FBS is a prenatal procedure that can provide both diagnosis and therapy for genetic disorders in the fetus. FBS can be used to perform various techniques for genetic analysis, such as karyotyping, FISH, PCR, microarray, and NGS. FBS can also be used to diagnose various types of genetic disorders, such as chromosomal abnormalities, single-gene disorders, multifactorial disorders, and mitochondrial disorders. FBS can also be used to deliver gene therapy to the fetus for treating genetic disorders, such as SCID, beta-thalassemia, sickle cell anemia, and hemophilia. FBS can provide valuable information and intervention for prenatal management and counseling of genetic disorders. However, FBS also has some limitations and risks that need to be considered and minimized. FBS should be performed only when indicated and with informed consent. There are still gaps and challenges in the current knowledge and practice of FBS for genetic disorders. Future research and clinical trials are needed to improve the techniques, applications, and outcomes of FBS for genetic disorders.

References

1. Al-Kouatly HB, et al. Fetal blood sampling: a review of indications, technique, and complications. J Matern Fetal Neonatal Med. 2019 Nov;32(22):3777-3784.

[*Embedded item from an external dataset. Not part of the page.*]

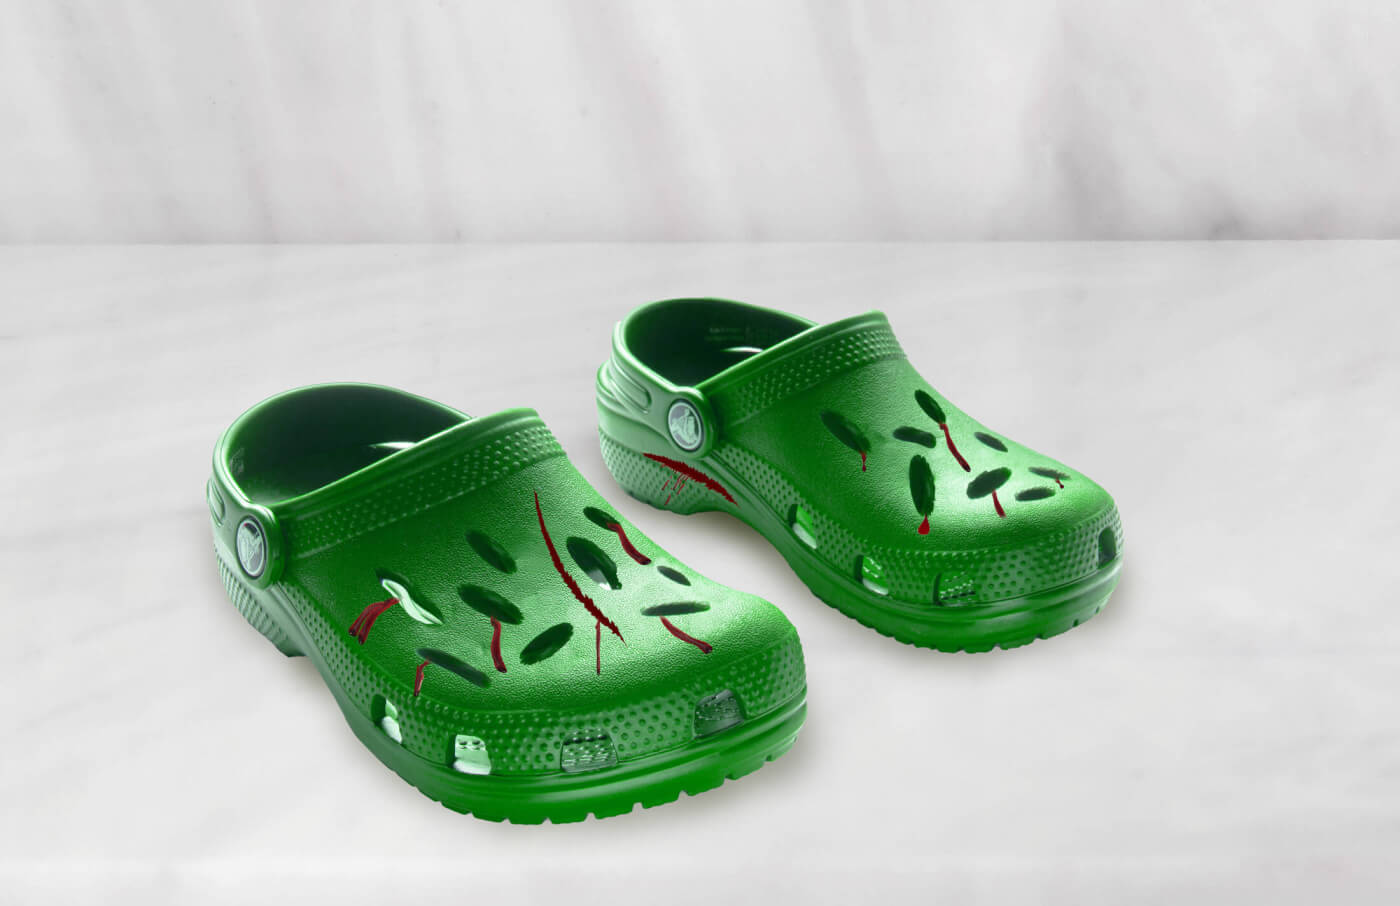 a pair of green crocs that appear to be covered in cuts and fake blood as part of the Cruelty Rebranded campaign

2. Karnpean R. Fetal blood sampling in prenatal diagnosis of thalassemia at late pregnancy. J Med Assoc Thai. 2014 Apr;97 Suppl 4:S49-55.
3. Chaitanya KV. Diagnostics and Gene Therapy for Human Genetic Disorders. CRC Press; 2022.

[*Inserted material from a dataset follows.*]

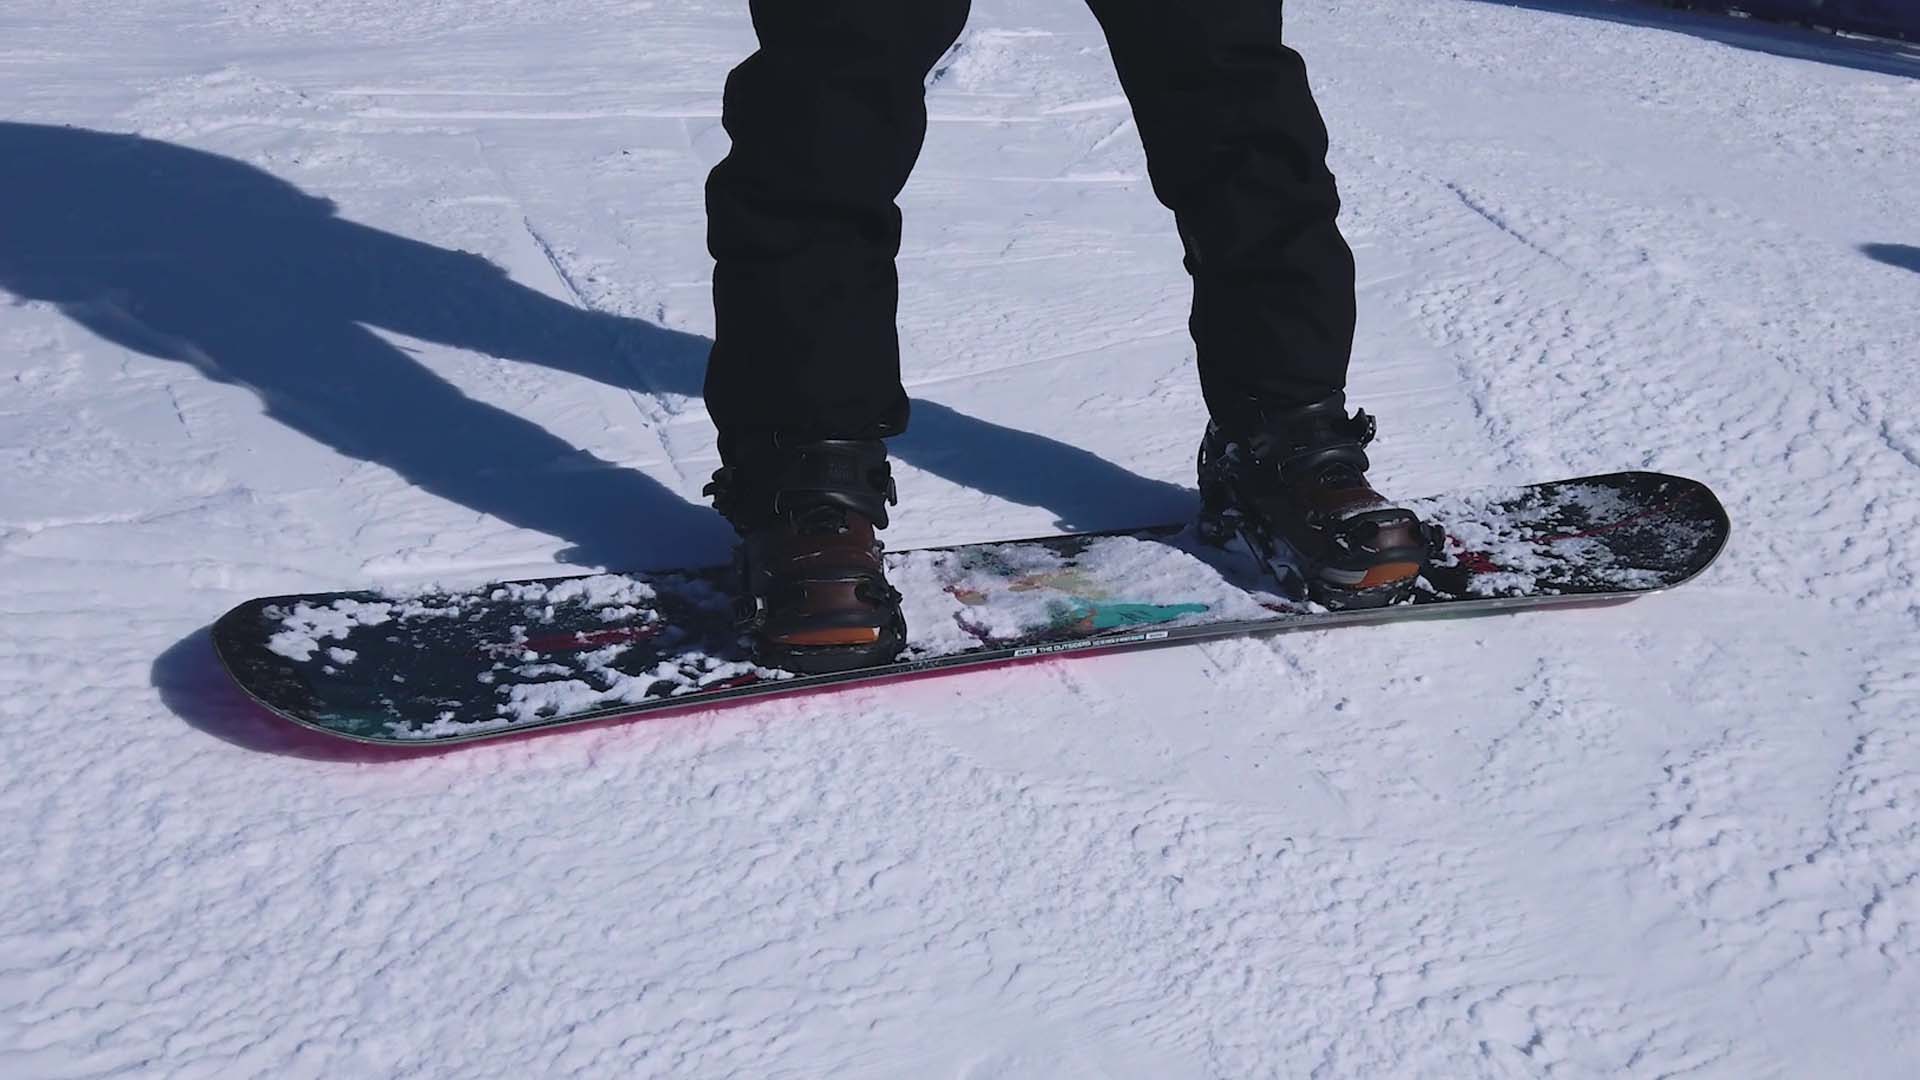 Capita The Outsiders 2020 Review - Snowboard Robot

4. David AL, et al. Fetal gene therapy: potential and limitations. Arch Dis Child Fetal Neonatal Ed. 2011 May;96(3):F227-31.
5. De Coppi P, et al. In utero stem cell transplantation and gene therapy: rationale, history, and recent advances toward clinical application. Mol Ther Methods Clin Dev. 2016 Aug 17;3:16069.
6. DeWeerdt S. Prenatal gene therapy offers the earliest possible cure. Nature. 2018 Dec 12;564(7734):S10-S11.
7. Giannakopoulou E, et al. Prenatal diagnosis of inherited disorders: an update on molecular techniques and their application in clinical practice. Expert Rev Mol Diagn. 2019 Oct;19(10):865-877.
8. Ginn SL, et al. Gene therapy clinical trials worldwide to 2017: An update. J Gene Med. 2018 Mar;20(5):e3015.
9. Hui L, et al. Prenatal diagnosis of fetal genetic disorders: a population-based evaluation of the impact of non-invasive prenatal testing in high-risk women in Victoria, Australia. Prenat Diagn. 2020 Jan;40(1):36-44.
10. Kaur S, et al. Gene therapy for inherited disorders: an update for pediatricians and pediatric researchers. Pediatr Res. 2020 Jan;87(2):205-212.
11. Lee CQ, et al. In utero gene editing for monogenic lung disease. Sci Transl Med. 2019 Apr 17;11(488):eaav8375.
12. Mattar CNZ, et al. Systemic Delivery of scAAV9 in Fetal Macaques to Target Neuromuscular Tissues. Mol Ther Methods Clin Dev. 2018 Sep 21;10:191-200.
13. Peranteau WH, et al. In utero gene therapy rescues microcephaly caused by Pqbp1-hypofunction in neural stem progenitor cells. Mol Ther Methods Clin Dev. 2019 Feb 22;13:334-342.
14. Ranzinger J, et al. CRISPR/Cas9-mediated genome engineering: an adeno-associated viral (AAV) vector toolbox. Biotechnol J. 2015 Nov;10(11):1564-71.